■ PROMPT
Print out the data below in full and exactly, skipping the pictures.

■ DATA PROVIDED
☆ ☆ ☆

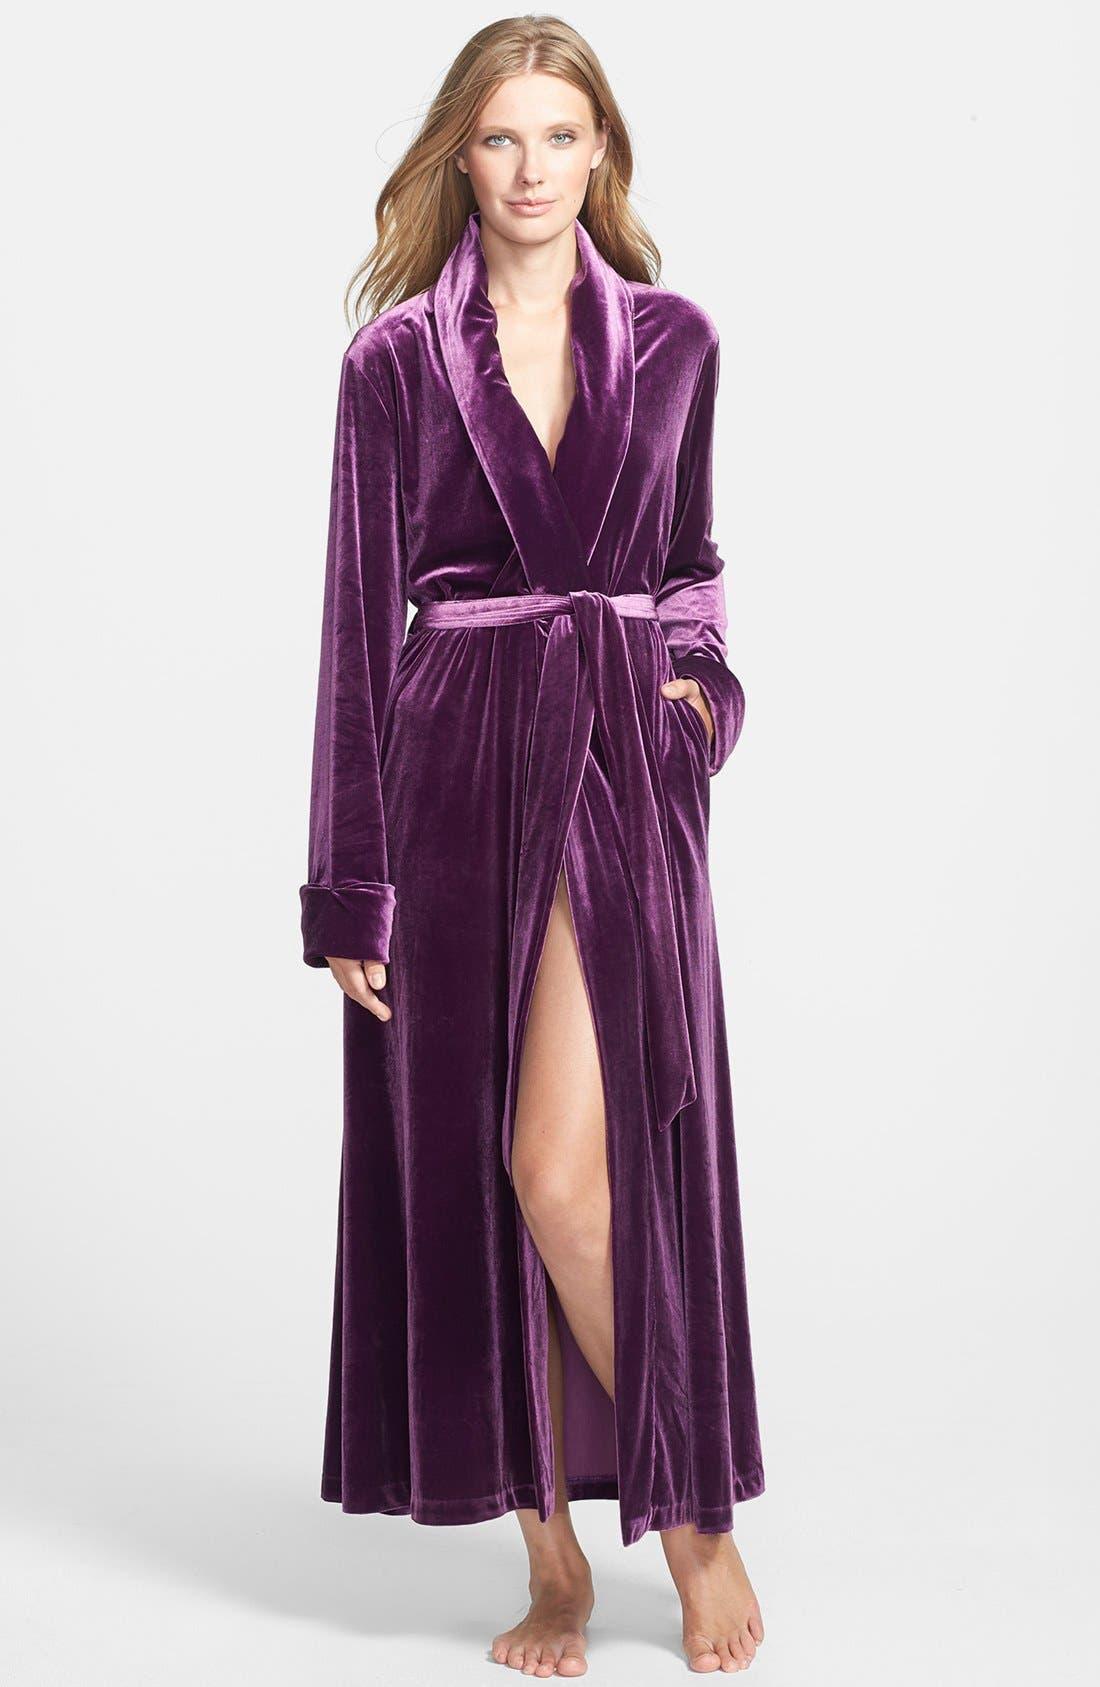 Main Image - Oscar de la Renta Sleepwear 'Zahara Nights' Velvet Robe
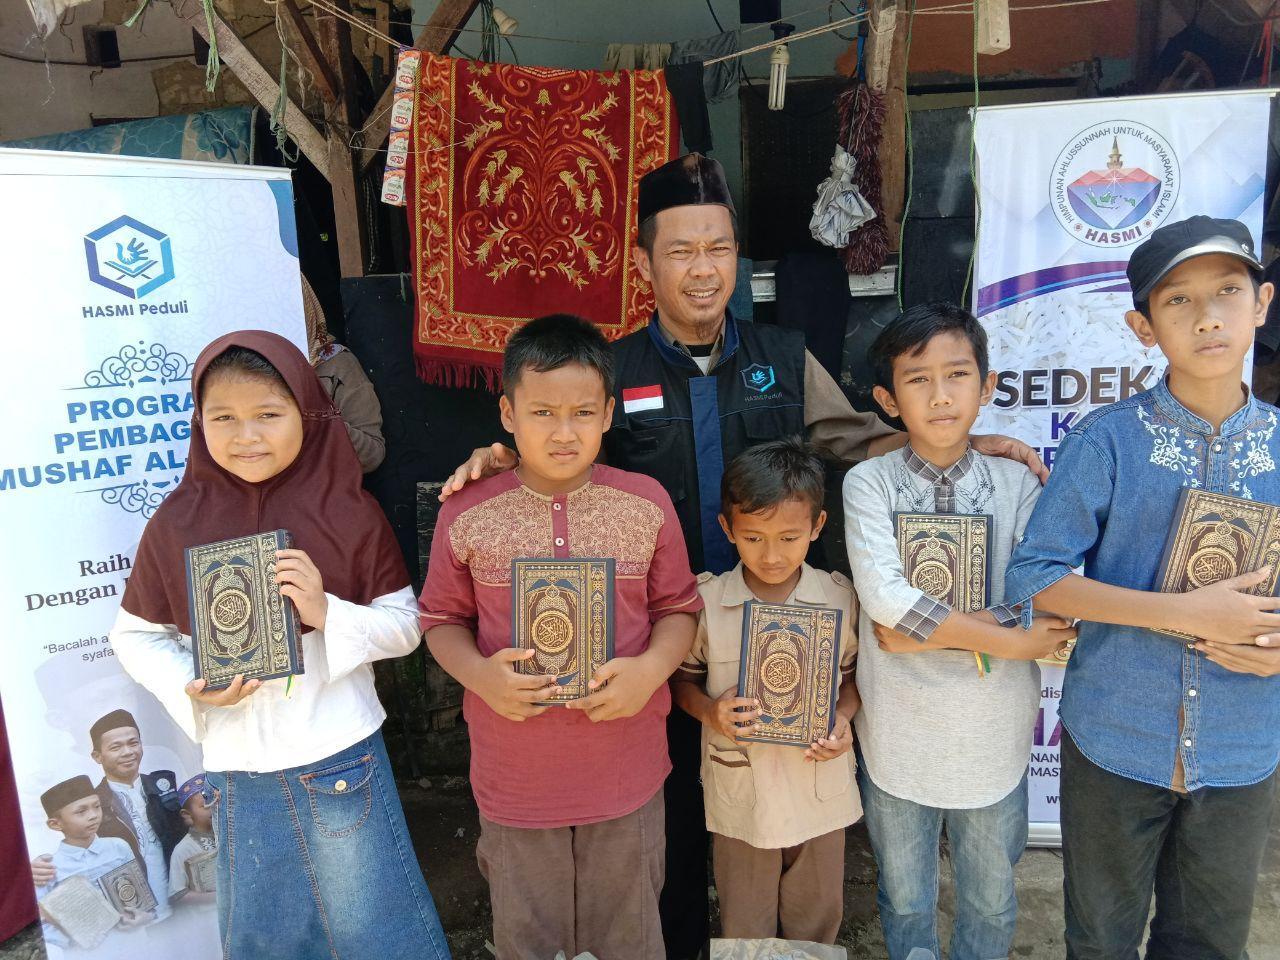 Wakaf Qur'an untuk Yatim di Kampung Kreteg Ciomas Bogor
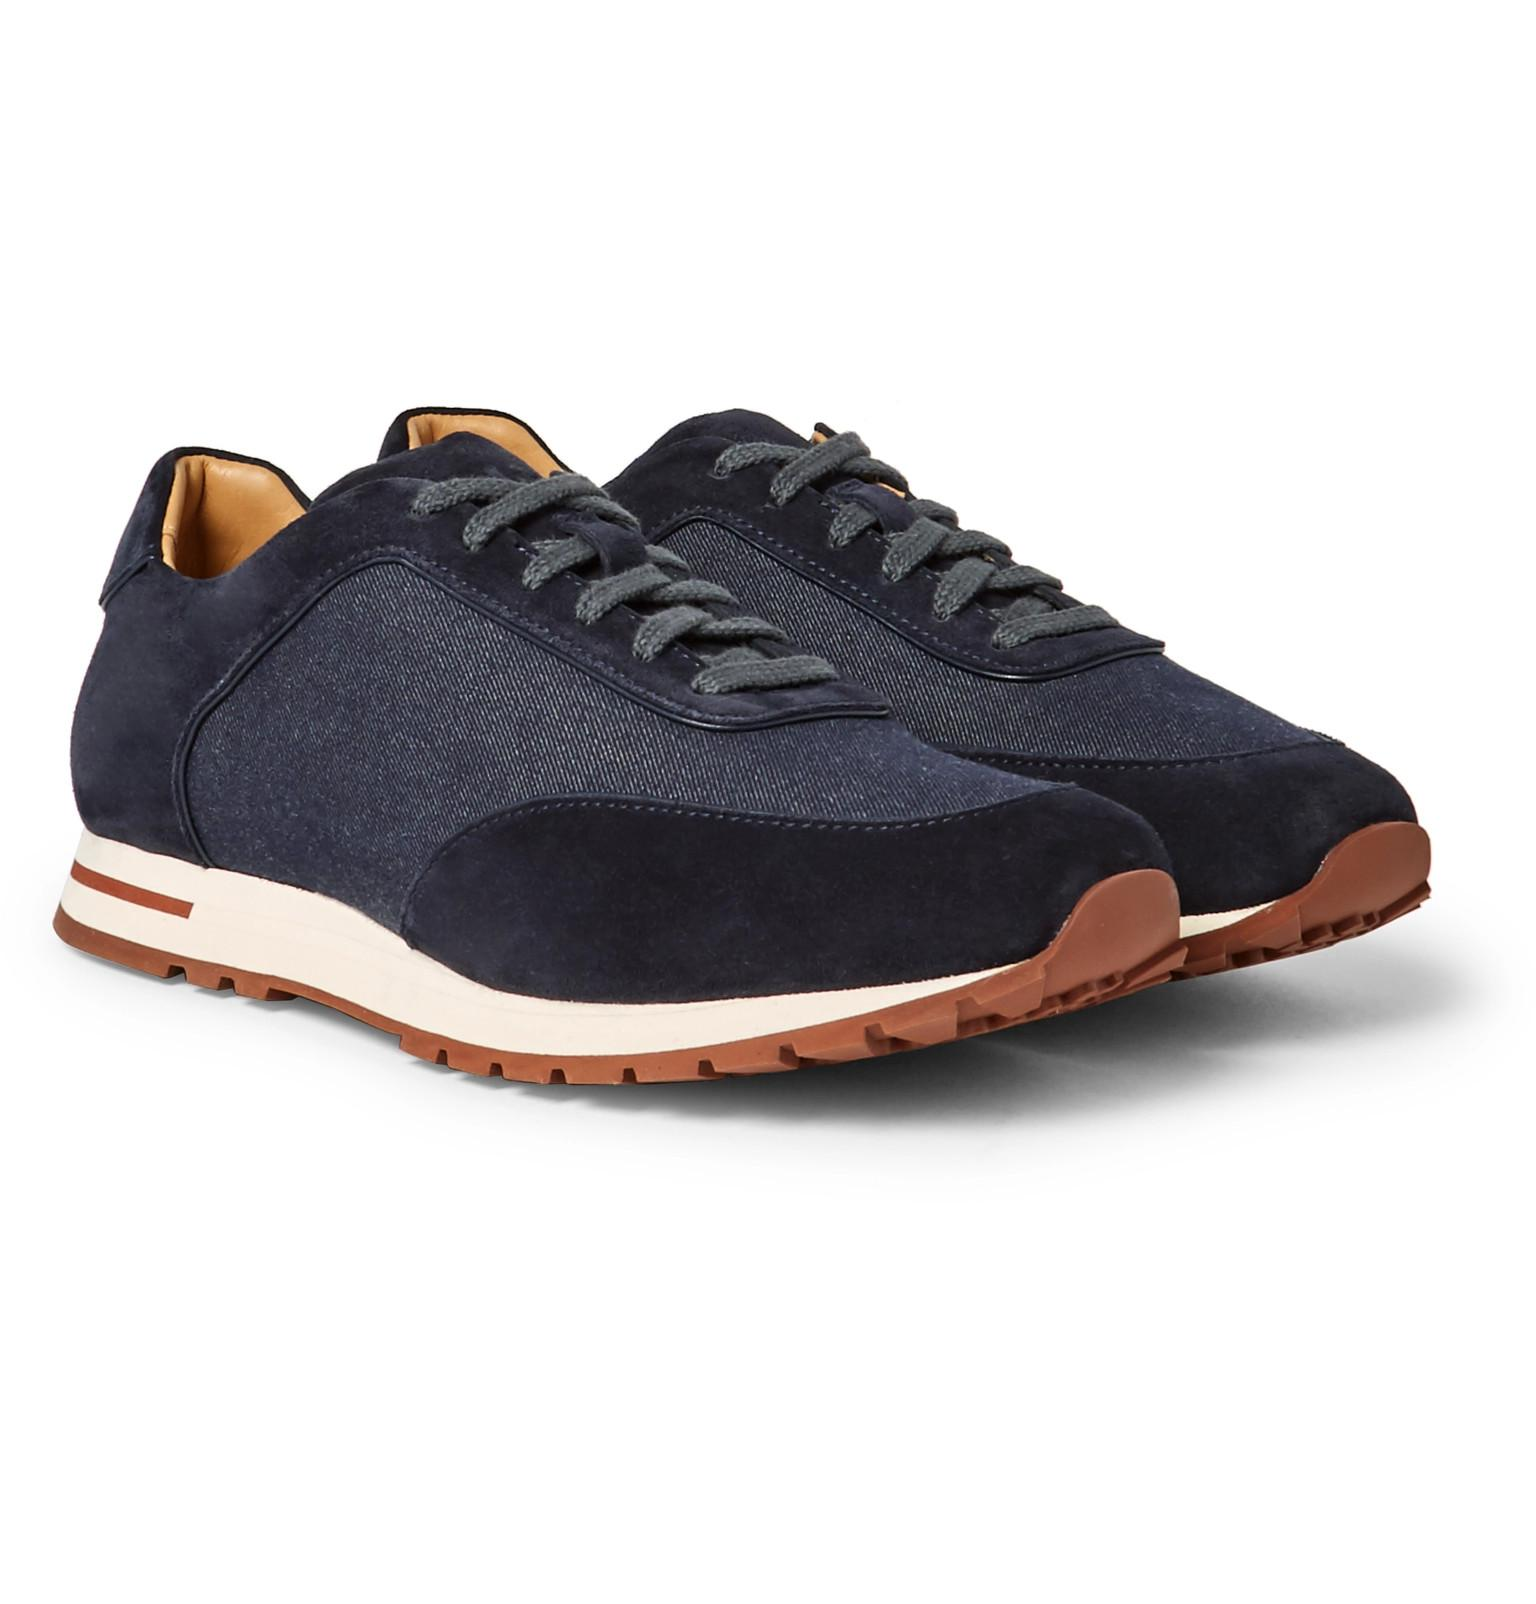 Mens Weekend Walk Suede Sneakers Loro Piana zP56arUfJ

☆ ☆ ☆

■ RESULT FOR THIS EXERCISE
 Main Image - Oscar de la Renta Sleepwear 'Zahara Nights' Velvet Robe
 Wakaf Qur'an untuk Yatim di Kampung Kreteg Ciomas Bogor
 Mens Weekend Walk Suede Sneakers Loro Piana zP56arUfJ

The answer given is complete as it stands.